You know they say you can't go back and change things thats happened even 5 seconds ago. But if I could I would suredly try to change a lot of things. They also say you have to live with the cards you are dealt. well if I had it my way, I'd ask for a new hand. Myself as well as countless on thousand upon thousand of people just here in the USA, just like myself, we weren't born on the other side of the tracks as to say, no silver spoon, no ira's, or college funds set aside. no we are the ones who have to fight for everything we got. Christianity in my house was nothing unless it was taking the church for everything they had and then when the well went dry, that's all you heard about church. I guess if it hadn't been for my late, late, grandmother, God rest her soul, I would have never graced the inside of a church building. And I praise the Lord for her.
They say that it's not good to look back on the past, but look to the future, but how can you look to the future when so much of your future is in the past. Growing up in the house I lived in was pure hectic to say at least. Like thousands of other young kids who had broken homes, life wasn't easy, especially when your mother remarrys a man she met in a beer dive. not to say that my real dad, which I never saw with my own eyes (and if I did was to young to remember), I've been told he was in no way a saint himself.
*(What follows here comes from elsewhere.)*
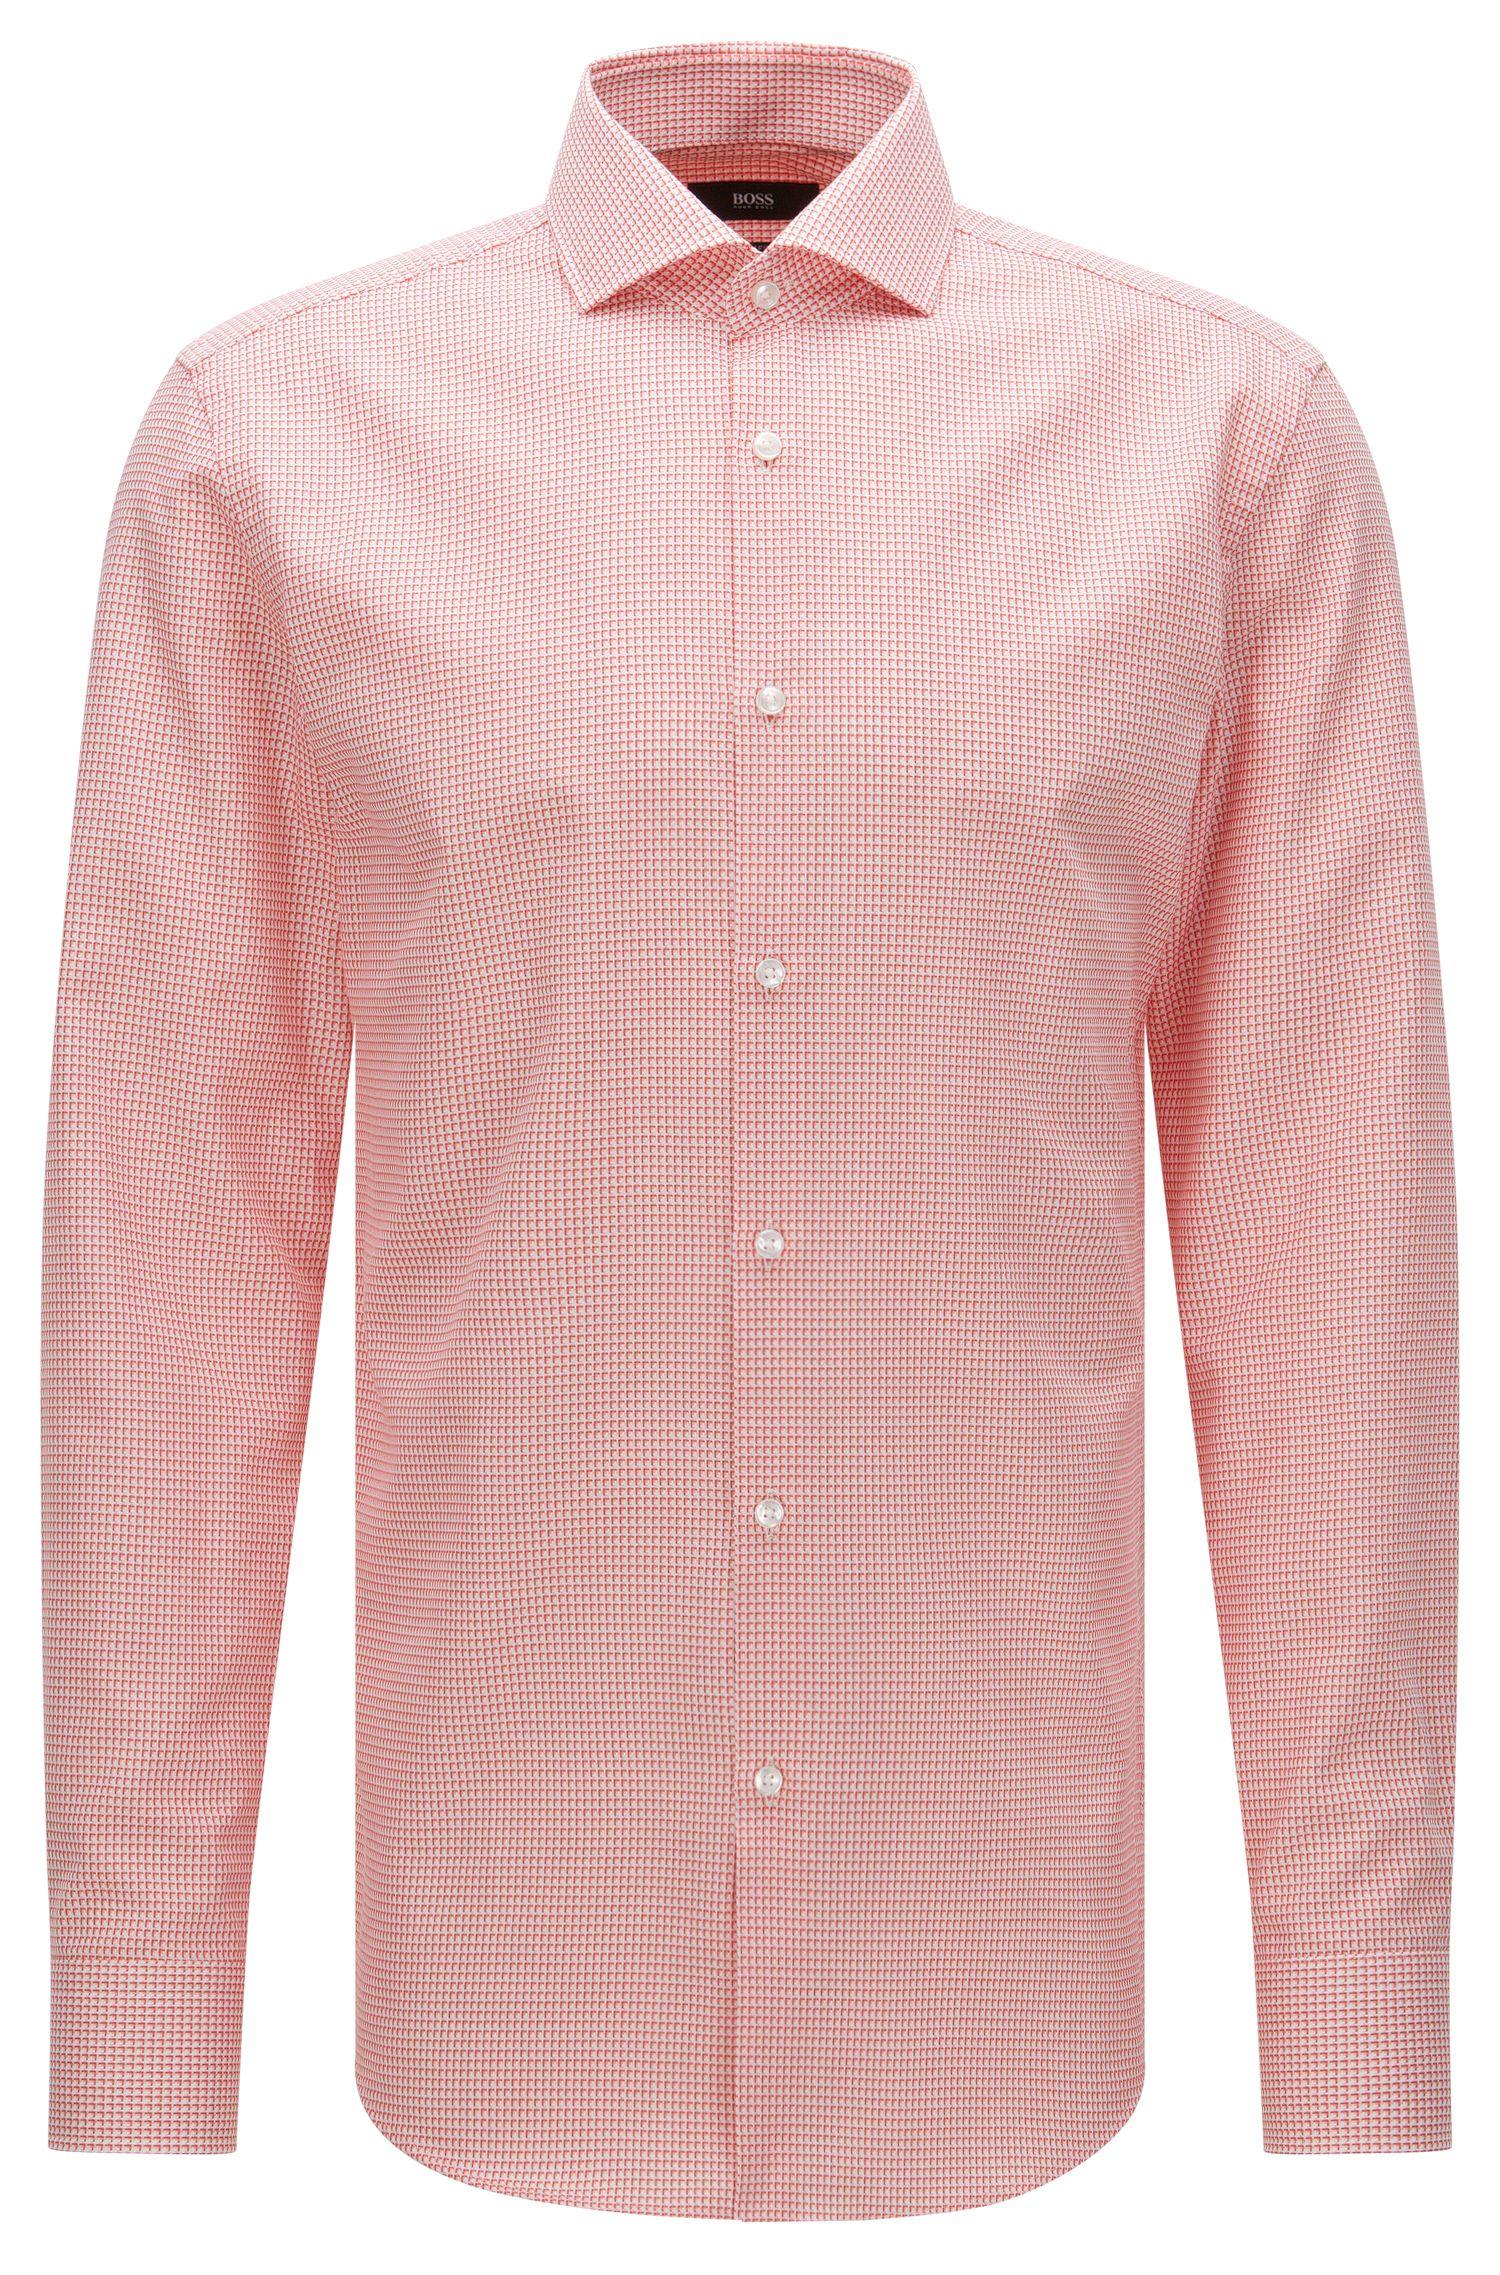 Gemustertes Slim-Fit Hemd aus Baumwolle: 'Jason'

Oh well maybe I will get to see him on the other side in new jerusalem, this is my hope and prayer. But as I look back I guess all the beating we endured made us better folk, I guess, I really can't tell.
But just to survive was not in itself easy, taking on different personalities, just to help us make through. we firmly believe that if God hadn't been there with us, we wouldn't be here today. The rule was, kids only spoke when spoken to, dare speak, get beat, then speak, get beat. what a win win situation huh ? Having your every move dictatated was grrrr. having no life was worse, But when Ive gone the last mile I know all will be well. to have to grow up the way we did as a child, and knowing that thousands upon thousands of others had it the same way makes one just break down and cry. It has taken many years for me to shed a tear for anything, or anyone and at times it's still tough to cry. When I lost my mother earlier this year, instead of crying, I felt thank goodness, this is over. Did I love my mom? yes. did I love my mom after all the abuse she and my stepdad put me through, yes but it was and still is tough.
Now that I look back at all the wasted years, what should have been and not should of been in my life, would I still change things? YES, I would. And the first thing would be, that the first time that I met Jesus Christ as my Lord and Saviour, I would have held onto Him for dear life. You see I wasted so many years of being a form of godliness, denyng the power thereof. I knew of Him, but really never knew Him. But now that I know Him and what He was and is capable of doing, I can no longer look back. For today the future is ahead of me. For all the mental, physical, and verbal abuse I grew up with, I have no one else to thank, but God the Father, who brought me through it all. As that old old song goes, I wouldn't take nothing for my journey now. By the help and grace of God I pray that my feet never again slip backwards but walketh forward from this day. That when I have gone the last mile of the way, Jesus will look at me and say these words, "enter in thy good and faithful servant".
Friends, you can make it the last mile of the way also, just trust in Him, Jesus.